I suggest you actually attend your state’s Republican and Democrat party conventions (Bing is your friend). Attend every day and stay at the convention hotel, don’t be a day tripper. Mingle. Listen in the hallways and listen in the hospitality suites. And learn.

After your learning assignment, go back to your home district and ally yourself with people who think like you and are eager to act. Then get busy. It’s already 2014, if your candidate hasn’t already got a campaign committee, six figures of campaign money in a campaign account at the bank, and at least a dozen supporters other than committee members who are ready to start putting in 20+ hours per week on campaign grunt work as of this minute, then your candidate has already lost. So move on to the next best choice. And if that candidate also has already lost, move on again. Repeat until you’ve found the best candidate that can win. Volunteer for that candidate. Work hard starting Day One. You’ve got less than 11 months on the election calendar left. Time’s running out. Stop talking and get busy.

This is good advice.

HMM: Let’s Kick The Air Force Out Of Space.

So who should talk over in orbit?

The Navy should. And the result could be an even stronger American presence in space.

Like the sky and the sea, space is a commons; no state has a right to exclude others.
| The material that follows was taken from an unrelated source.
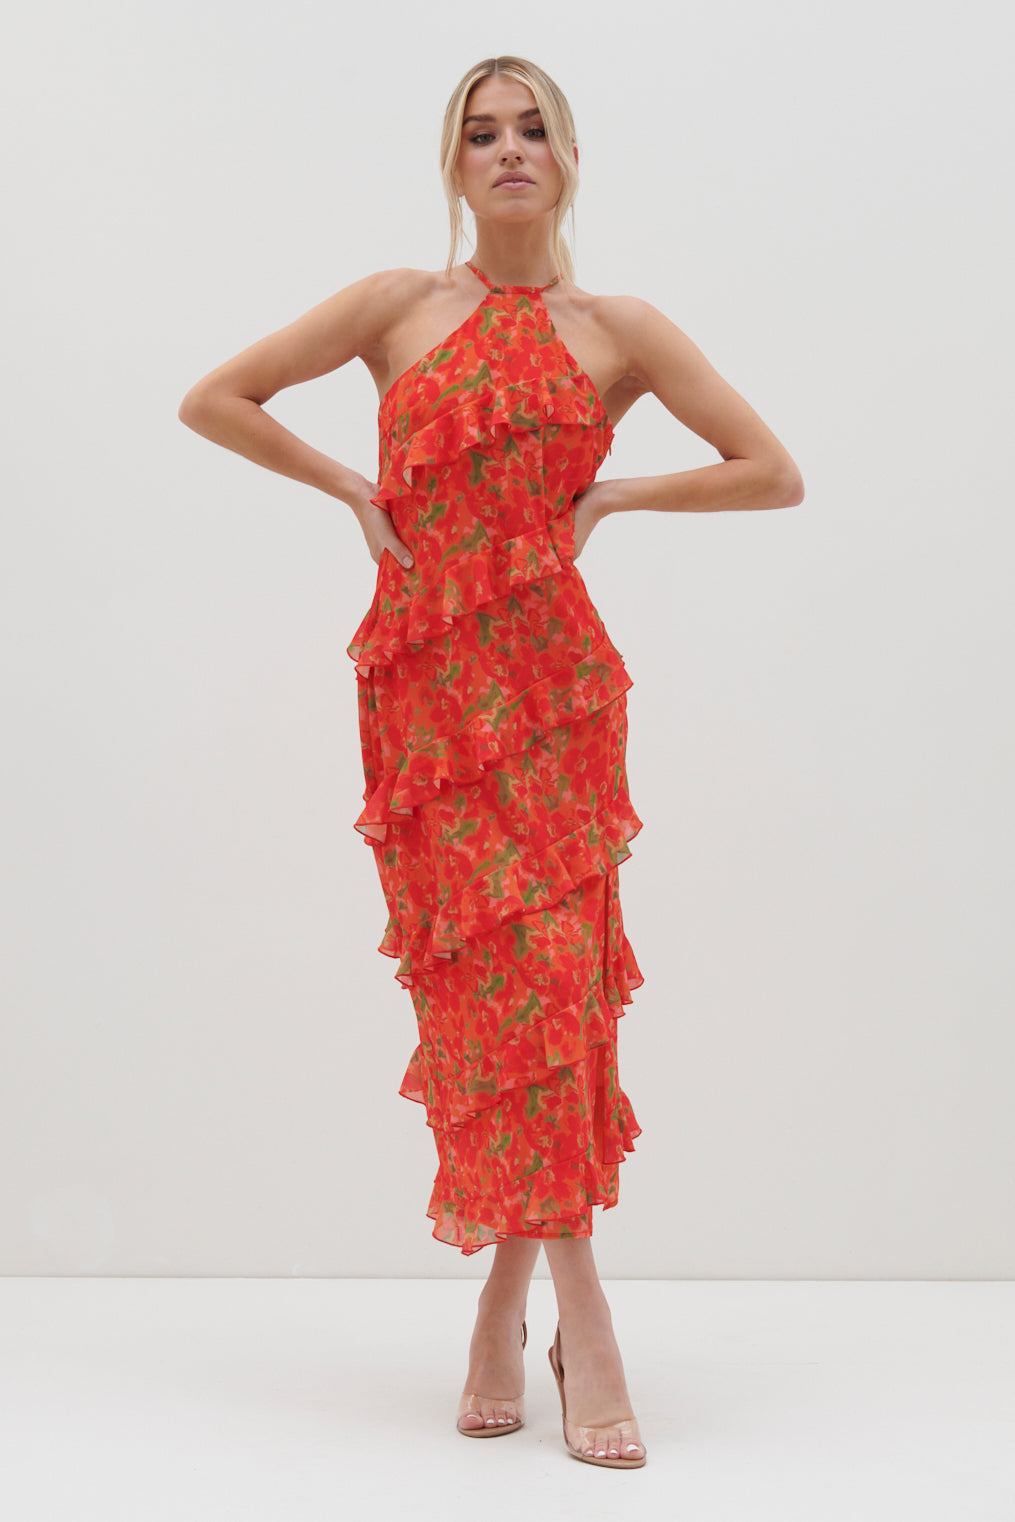 Katy Ruffle Midaxi Dress - Red and Orange Floral

Both the Navy and the Air Force have developed conceptual approaches to this commons.

Air Force space doctrine pre-emptively militarizes space. “Due to its speed, range, and three-dimensional perspective, air and space power operate in ways that are fundamentally different from other forms of military power,” the flying branch has stated. “Thus, air power and space power are more akin to each other than to the other forms of military power.”

But we argue that the Navy’s cooperative concept of the commons is more applicable to space than the Air Force’s concept, that the responsibility for space would fit more comfortably in the Navy than in the Air Force, and that, consequently, American pre-eminence in space can survive the end of the USAF.

Well, Starfleet follows a navy model. So there’s that.

HOW YOGA CHANGES YOUR BODY. I’m focusing on upping my deadlifts and starting power cleans right now, but yoga is good for you.

AEREO CASE GOES TO THE SUPREME COURT: “The dispute in brief: Aereo works by using a litany of antennas to gather the over-the-air TV broadcasts for a given city (yes, it still goes out over the air), then charging users $8 a month to stream this network television from one of those antennas to the user’s TV or devices, and record it to a DVR. Unsurprisingly, the powers that be at TV networks see this as infringement—Aereo taking their copyrighted programming and reselling it without their permission. Aereo says it is not illegally rebroadcasting network TV, but simply collecting a resource that’s freely available and allowing users to access it on more devices.” They won in the Court of Appeals.

A NICE REVIEW OF MY THE NEW SCHOOL from Kyle Smith in the New York Post. He even includes a Webb Wilder reference.